§ Aim of the task
Please return the lines from the one with "Lý giải khoản" through the end of the listing below, word for word, with every picture left out.
[Start of Attachment]
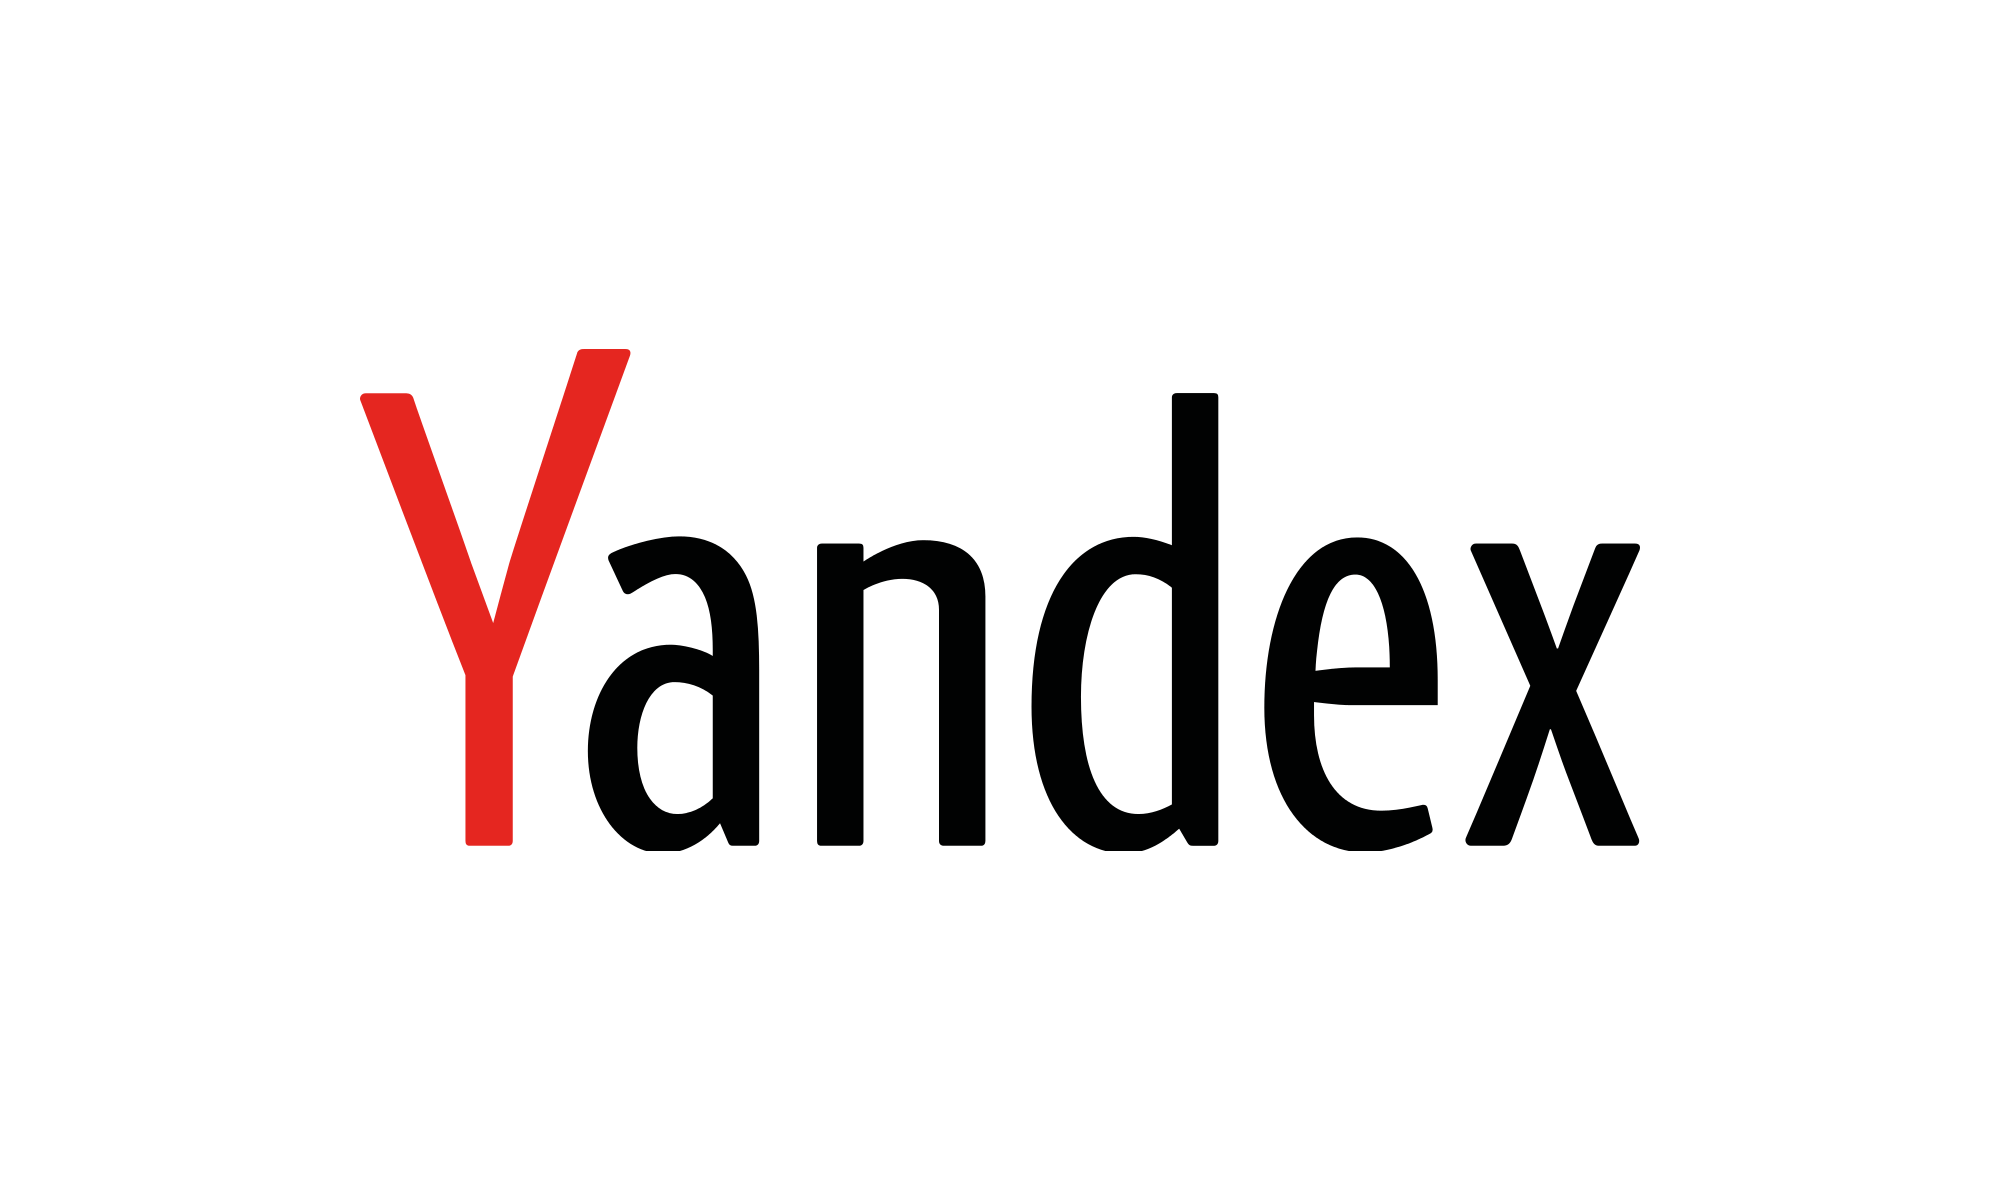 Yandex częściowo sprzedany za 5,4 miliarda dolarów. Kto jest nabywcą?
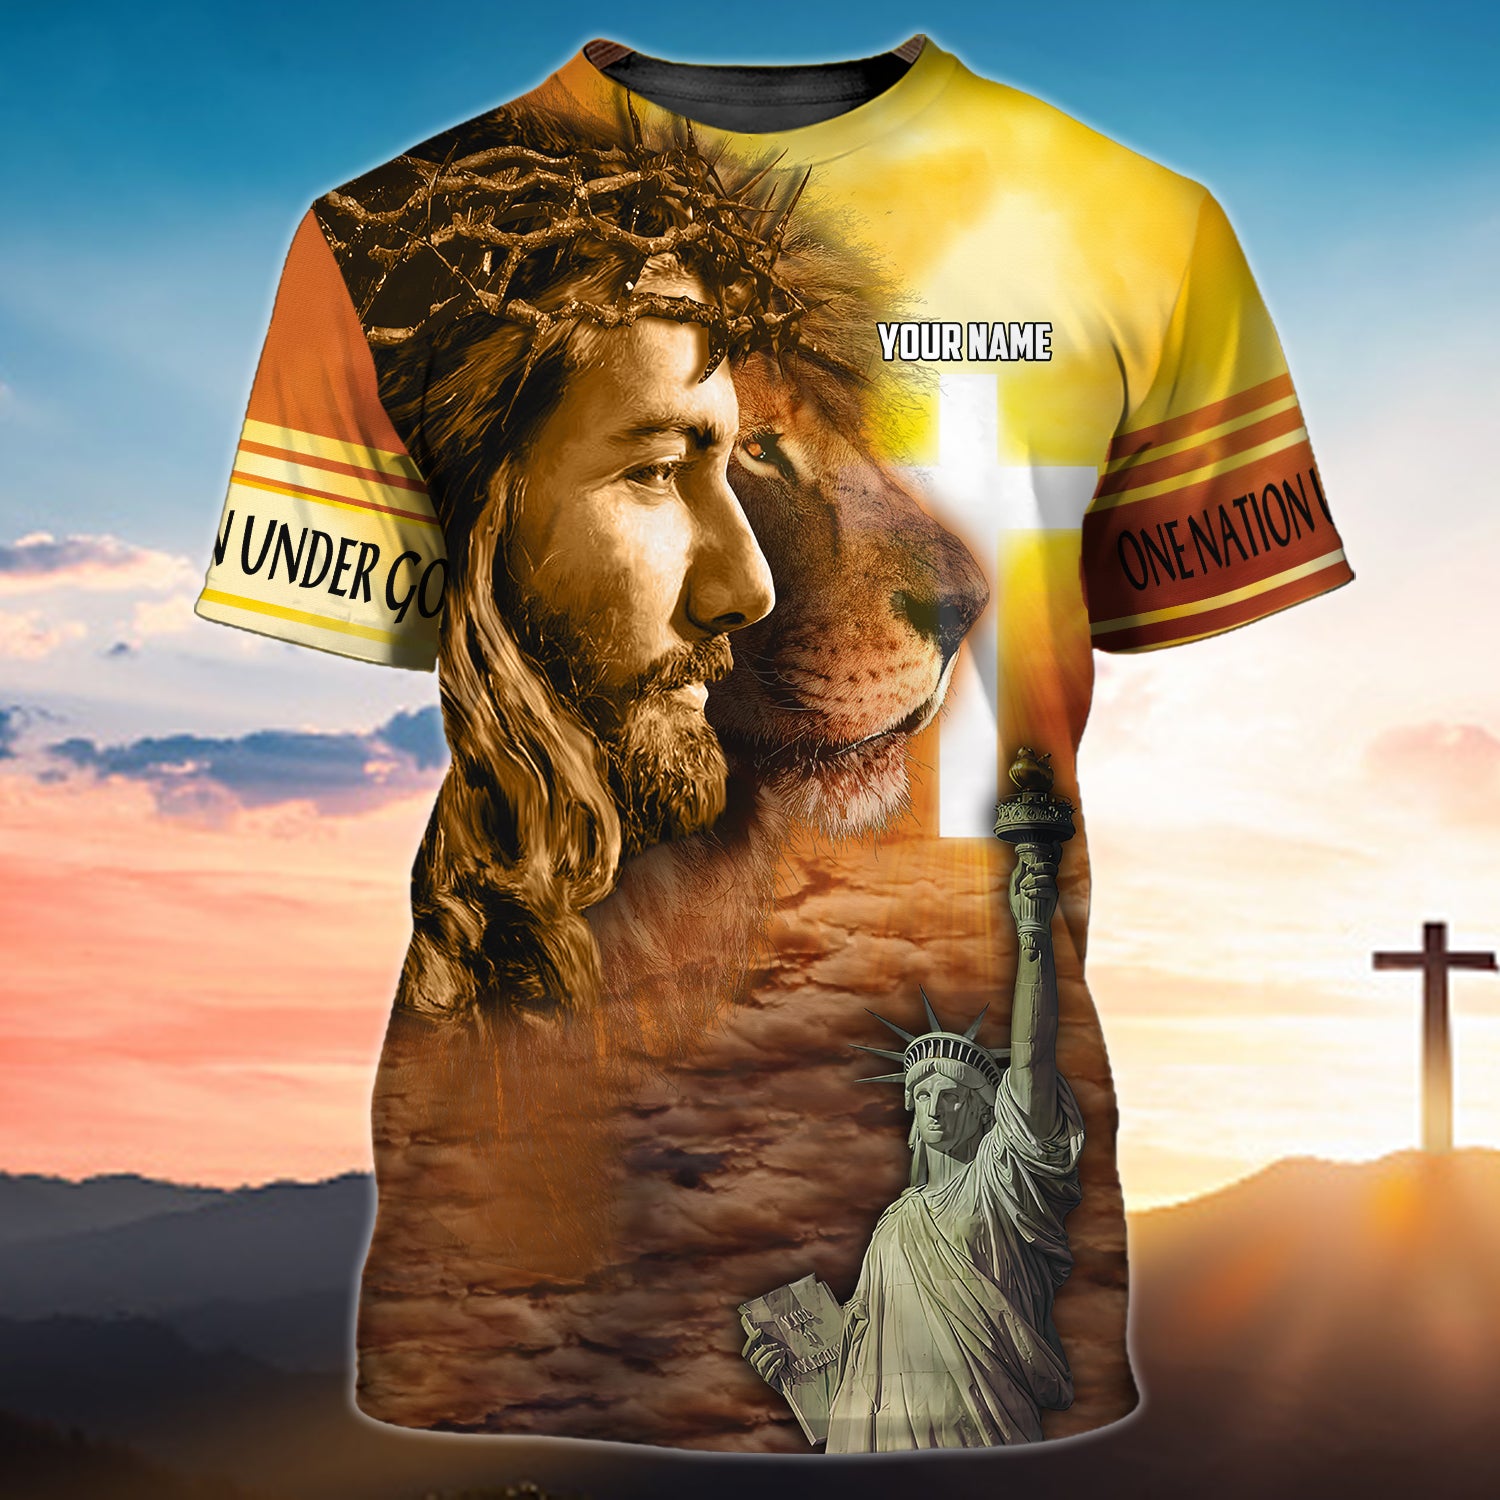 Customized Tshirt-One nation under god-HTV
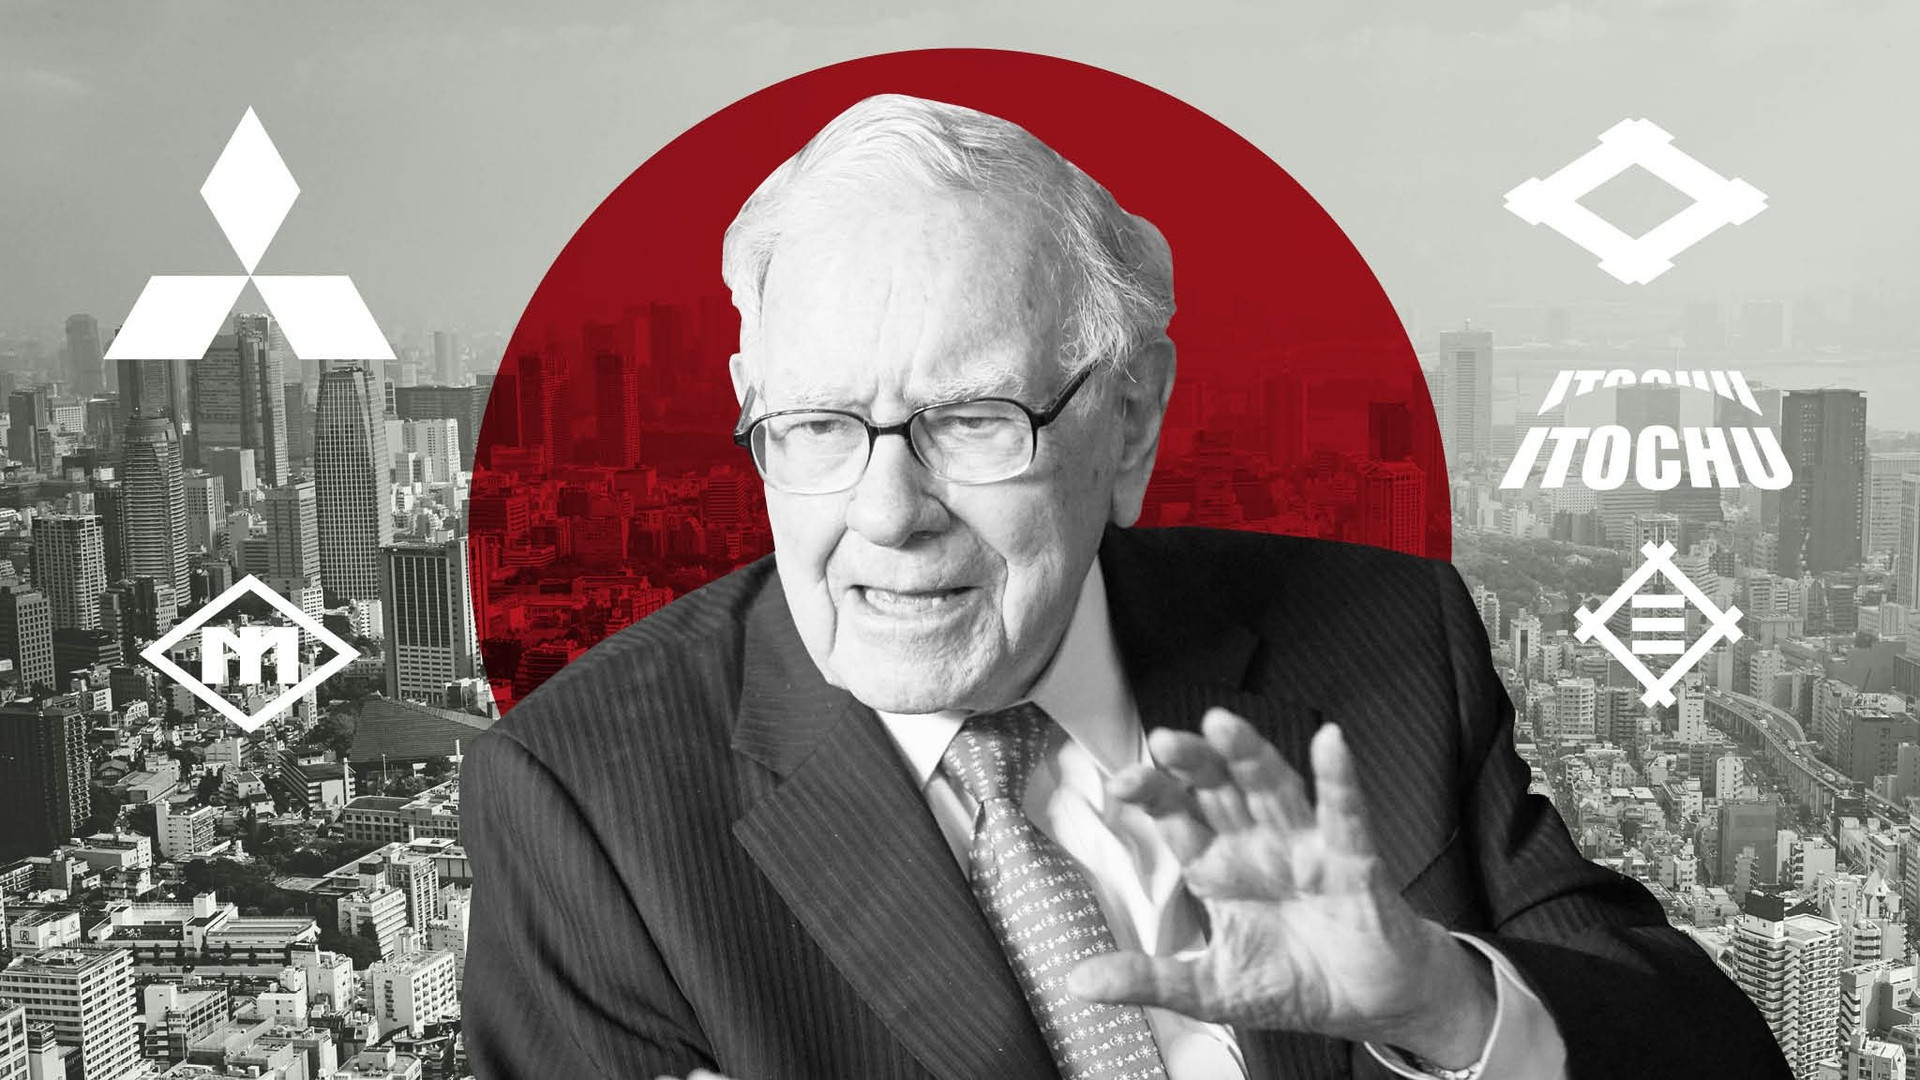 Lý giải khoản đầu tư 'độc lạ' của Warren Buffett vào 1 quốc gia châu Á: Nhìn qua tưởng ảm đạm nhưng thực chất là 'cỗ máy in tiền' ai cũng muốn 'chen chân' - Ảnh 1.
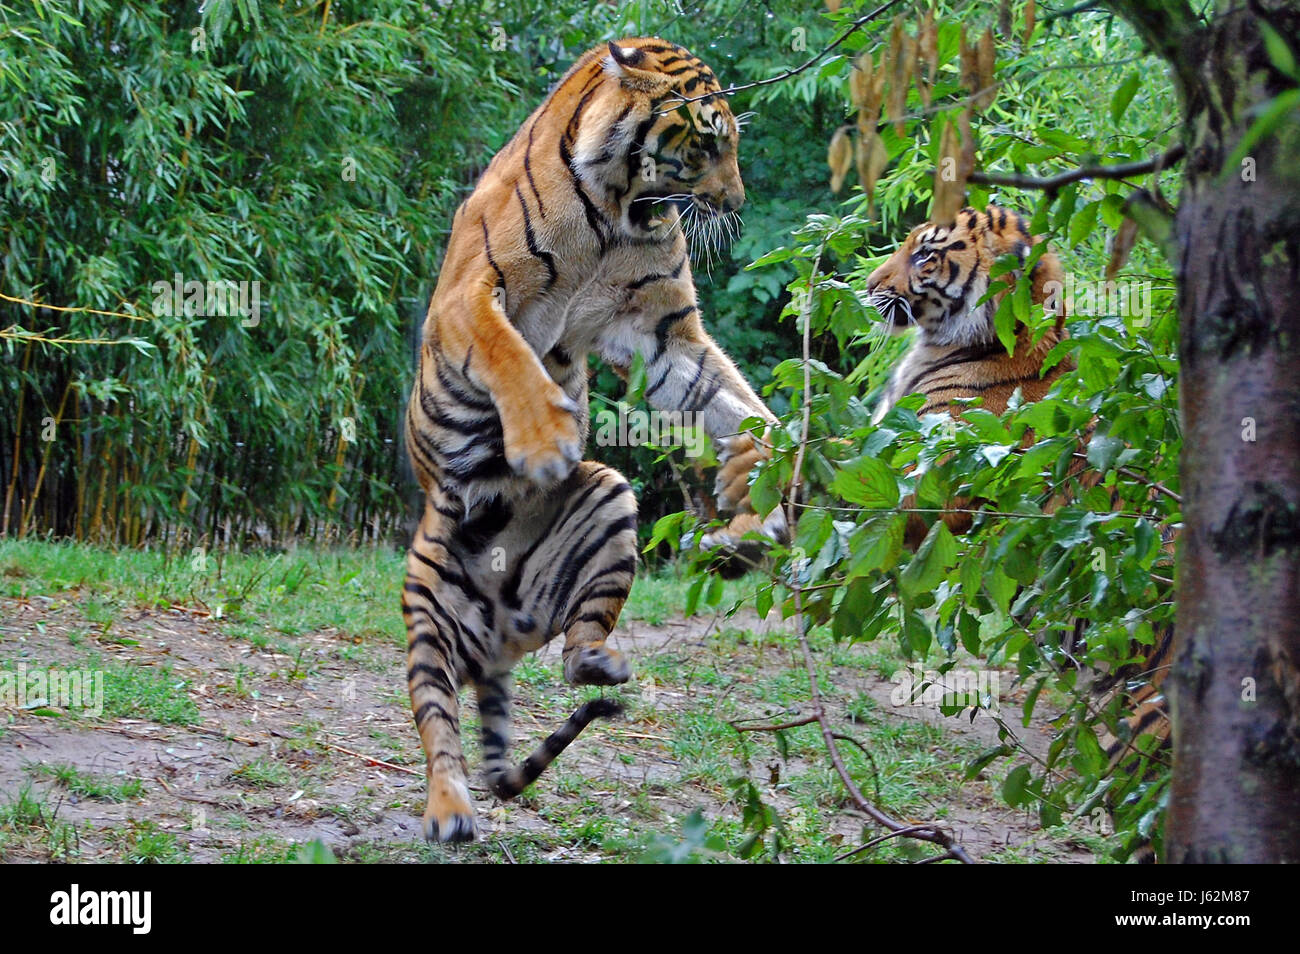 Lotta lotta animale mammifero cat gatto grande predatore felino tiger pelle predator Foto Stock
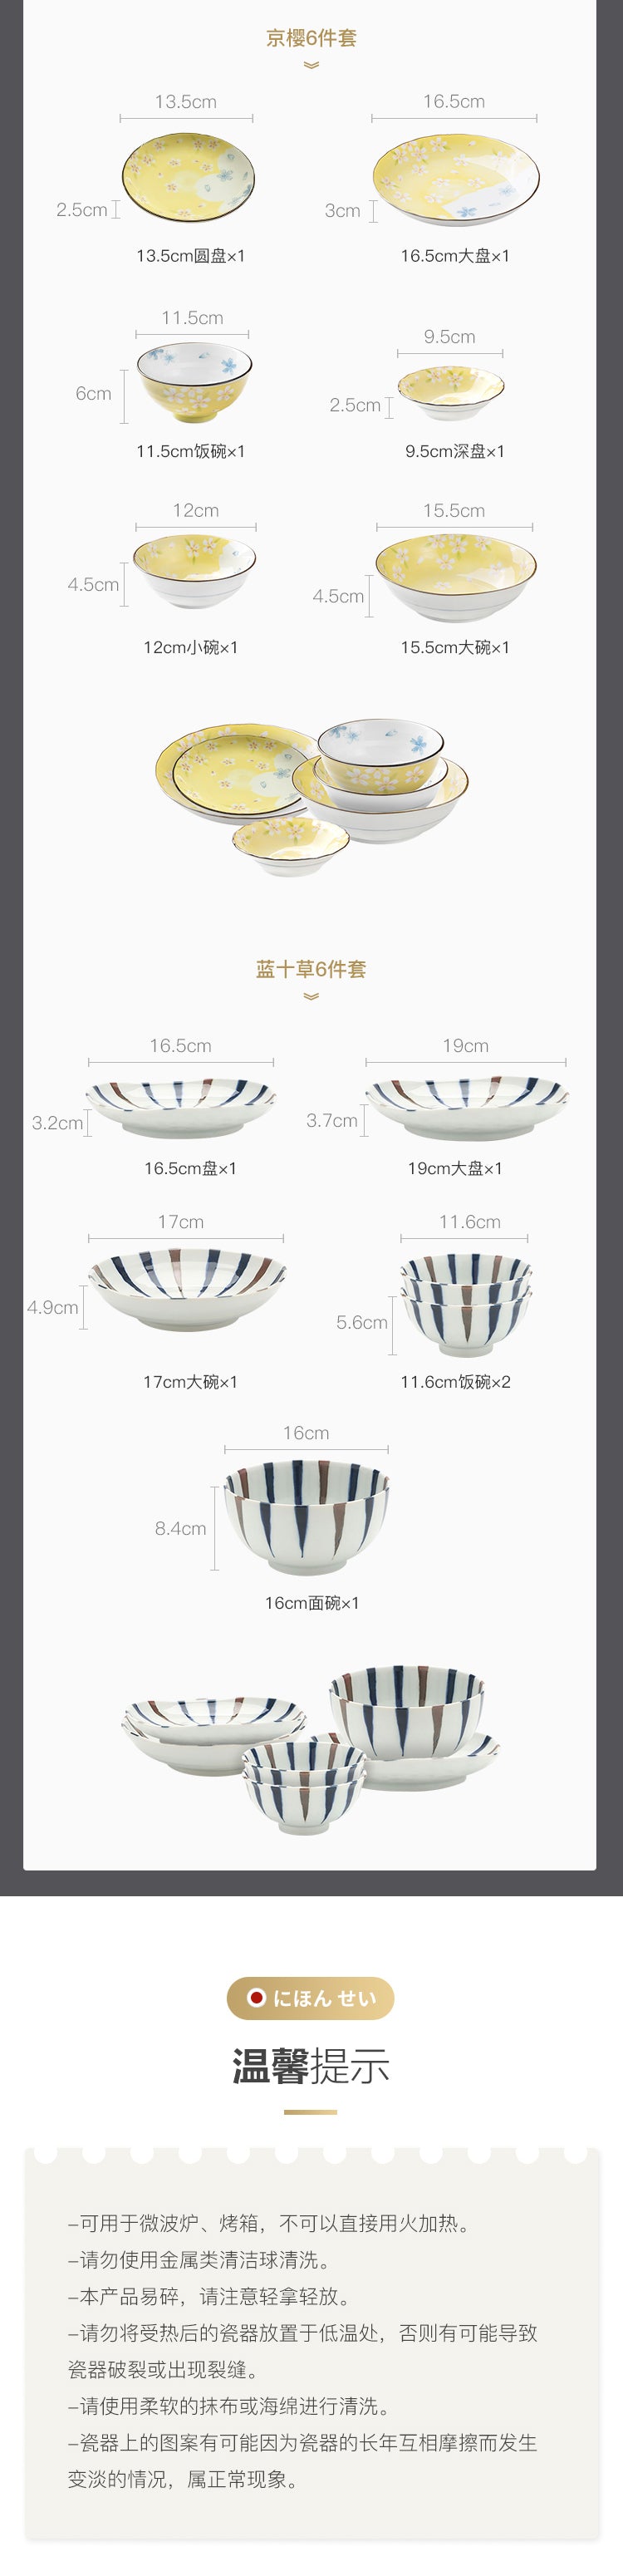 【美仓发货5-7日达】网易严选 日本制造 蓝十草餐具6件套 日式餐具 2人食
[End of Attachment]
§ Written solution
 Lý giải khoản đầu tư 'độc lạ' của Warren Buffett vào 1 quốc gia châu Á: Nhìn qua tưởng ảm đạm nhưng thực chất là 'cỗ máy in tiền' ai cũng muốn 'chen chân' - Ảnh 1.
 Lotta lotta animale mammifero cat gatto grande predatore felino tiger pelle predator Foto Stock
 【美仓发货5-7日达】网易严选 日本制造 蓝十草餐具6件套 日式餐具 2人食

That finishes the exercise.